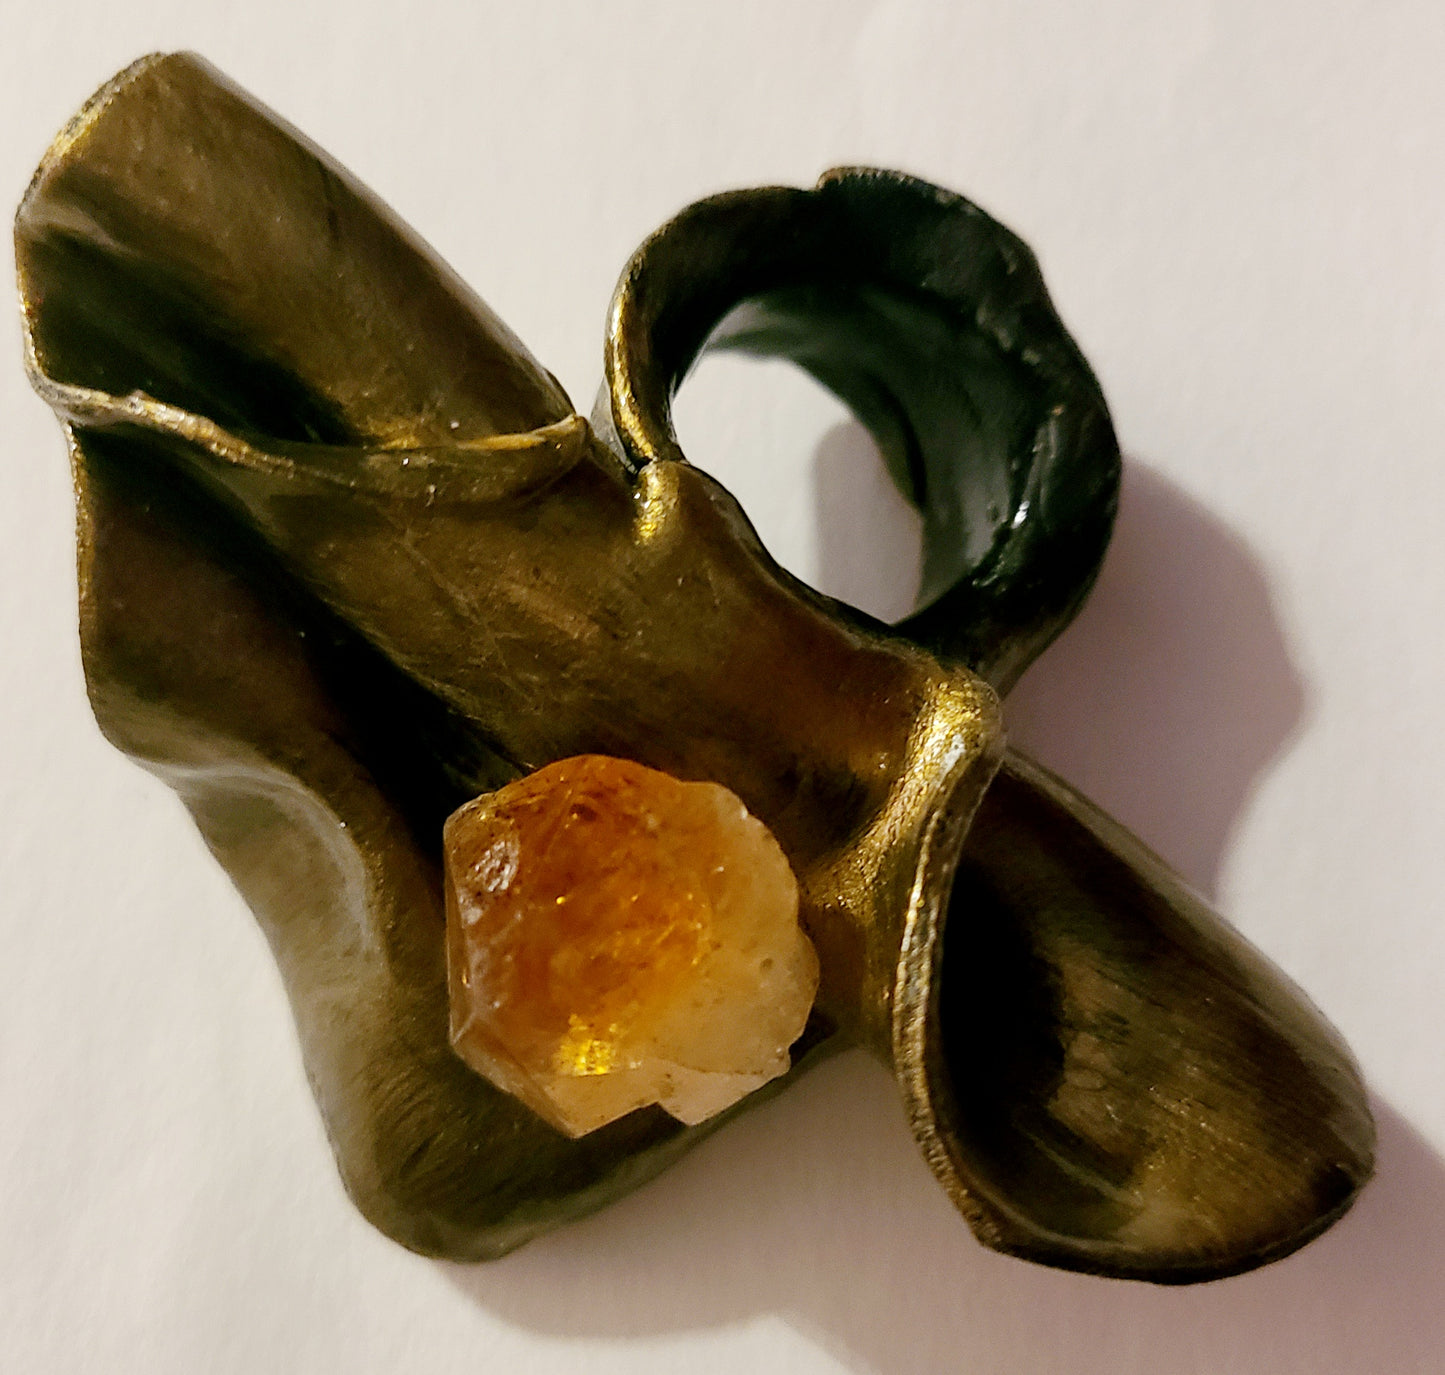 Rough Citrine Crystal In Sensuous Sculpted Bronze Statement Ring Size 8-9, Artisan Gemstone Cocktail Ring, Showstopper Jewelry Porn
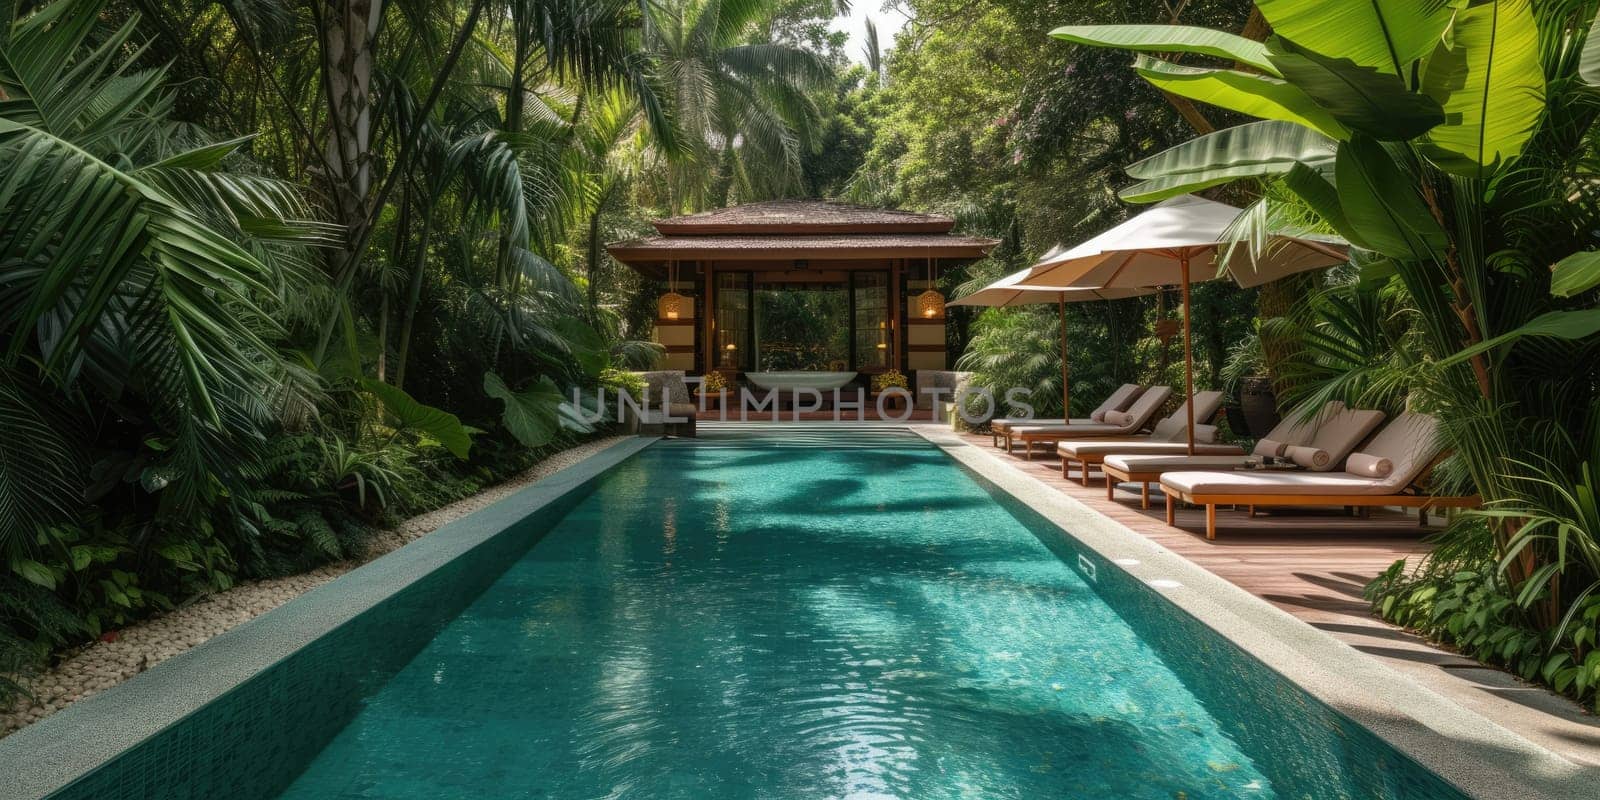 A luxurious spa retreat in a tropical setting, serene pool, lush greenery, embodying relaxation and wellness. Resplendent.
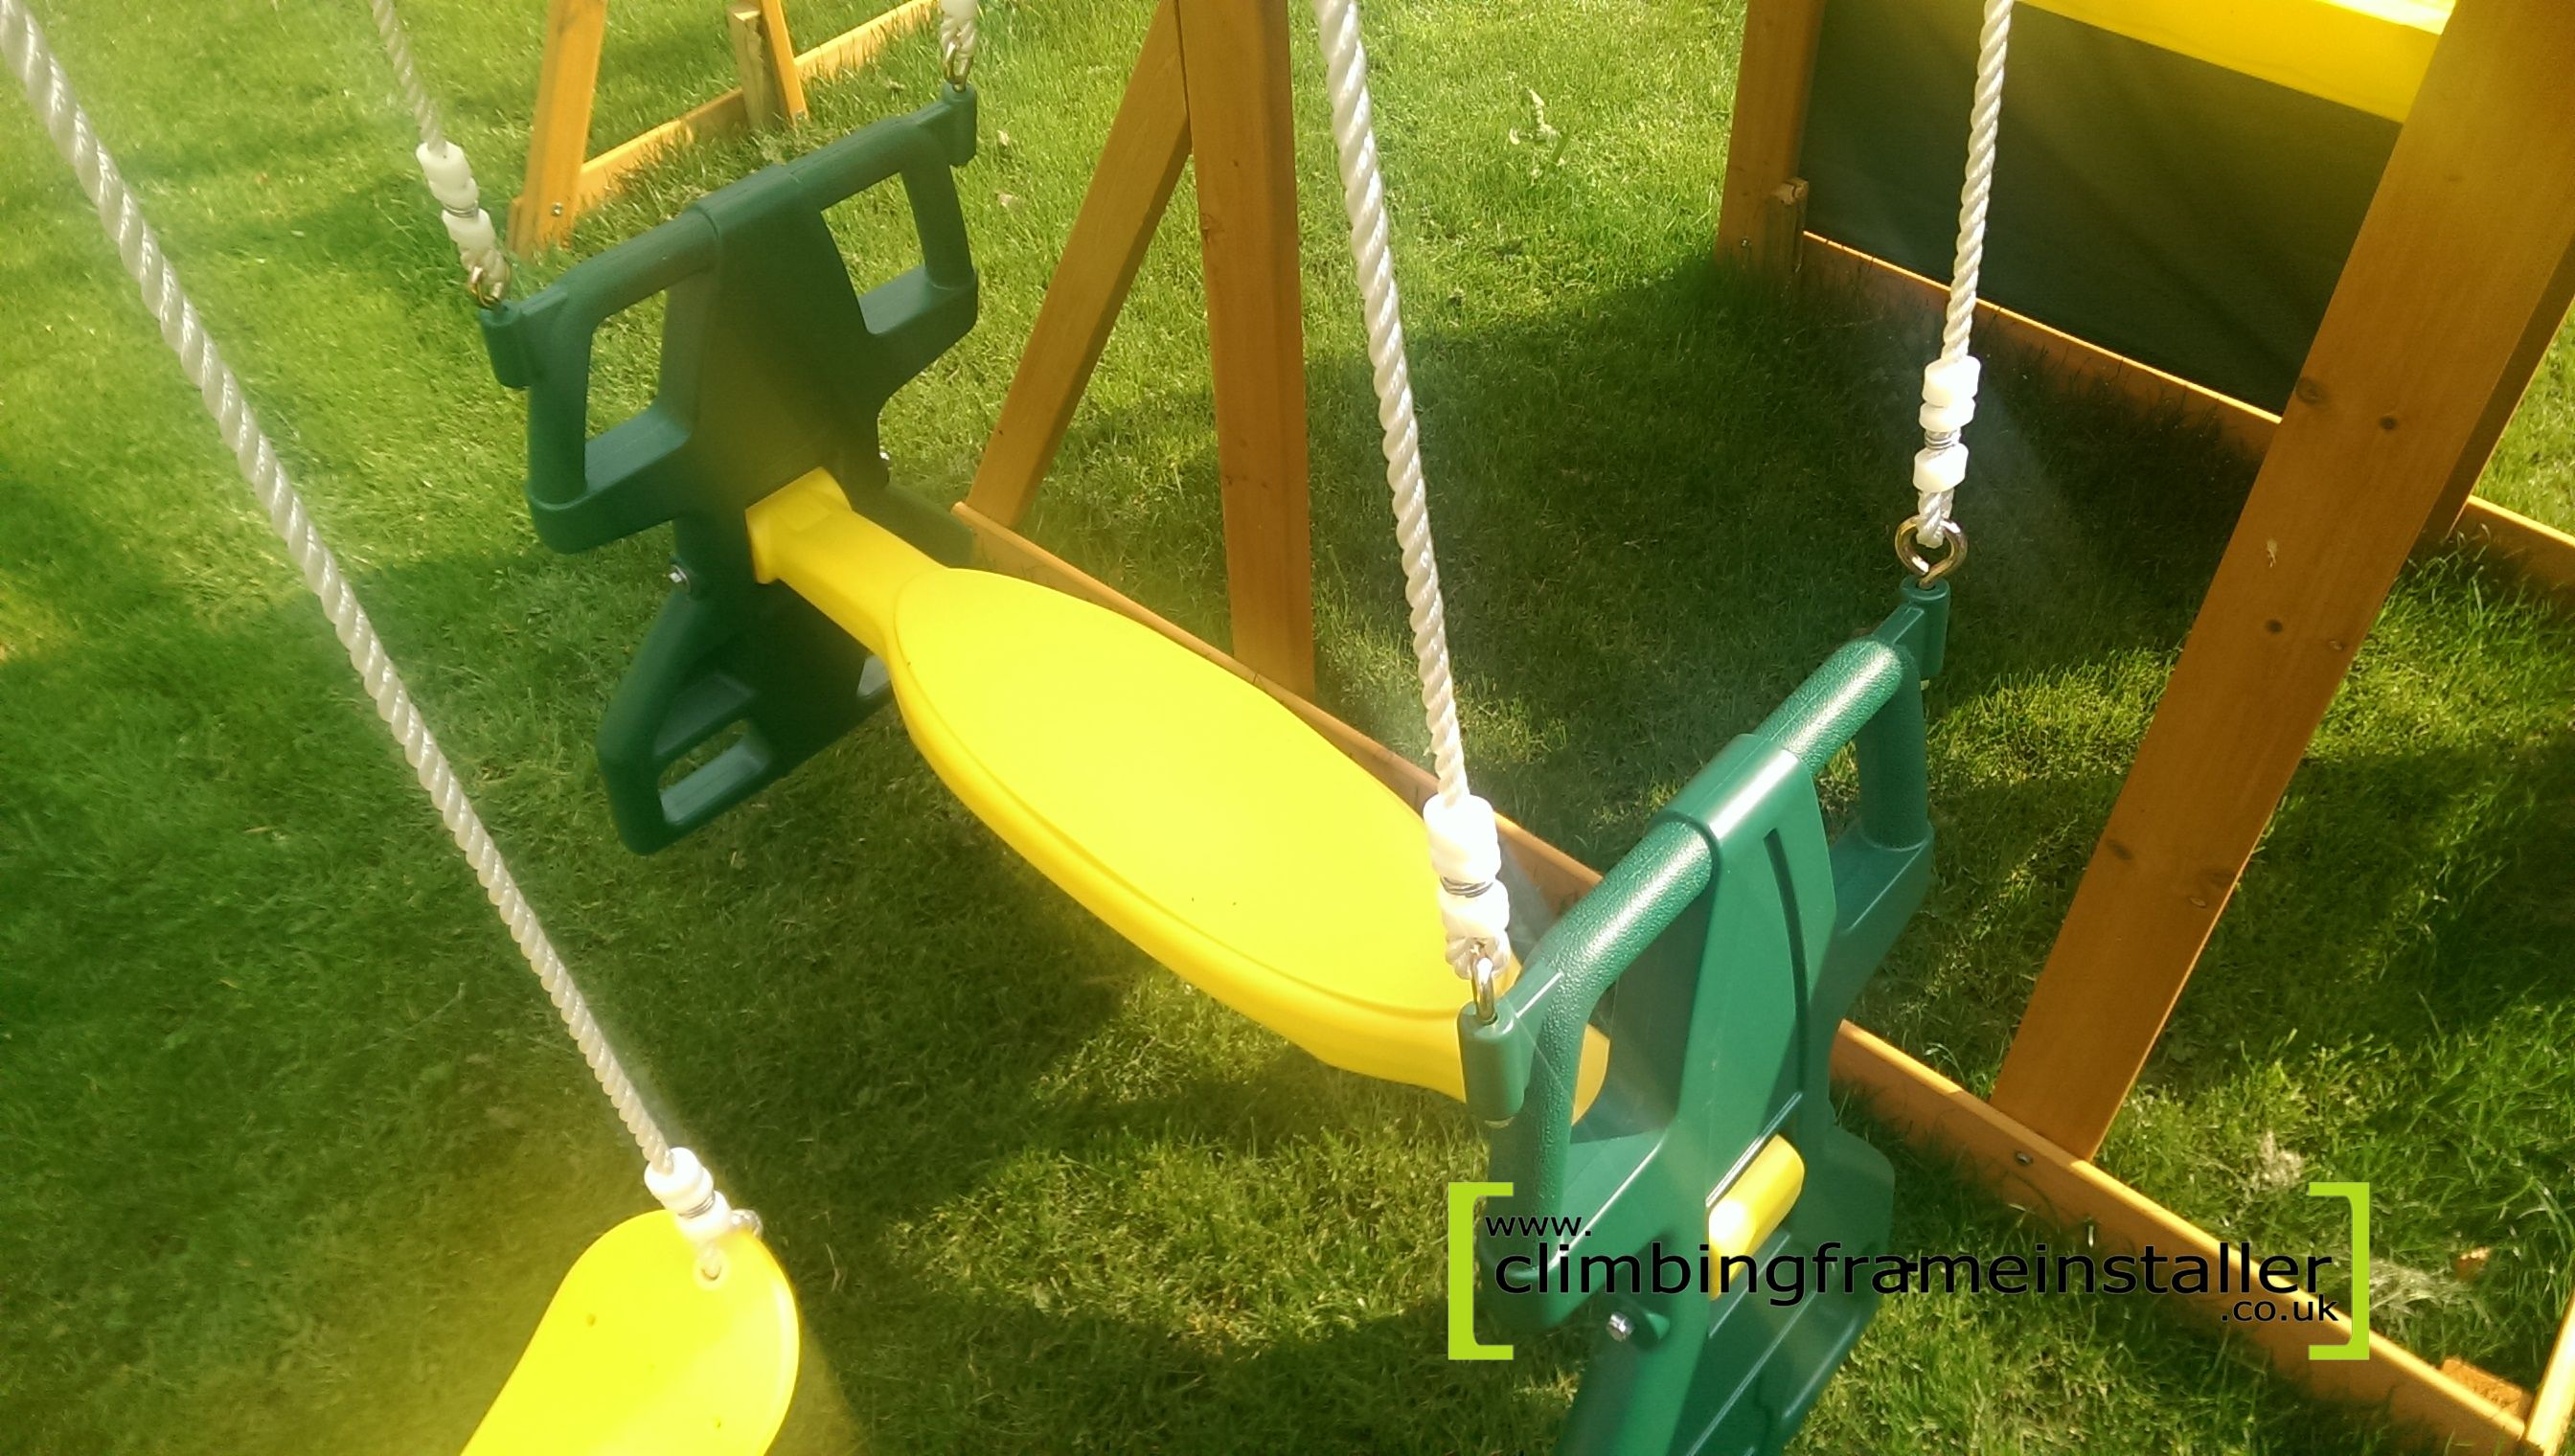 Selwood Climbing Frames with Swings

___

WORK INSTRUCTION:
Print all the lines above again exactly, without any pictures.

RESULT FOR THIS TASK:
 Rough Citrine Crystal In Sensuous Sculpted Bronze Statement Ring Size 8-9, Artisan Gemstone Cocktail Ring, Showstopper Jewelry Porn
 A luxurious spa retreat in a tropical setting, serene pool, lush greenery, embodying relaxation and wellness. Resplendent.
 Selwood Climbing Frames with Swings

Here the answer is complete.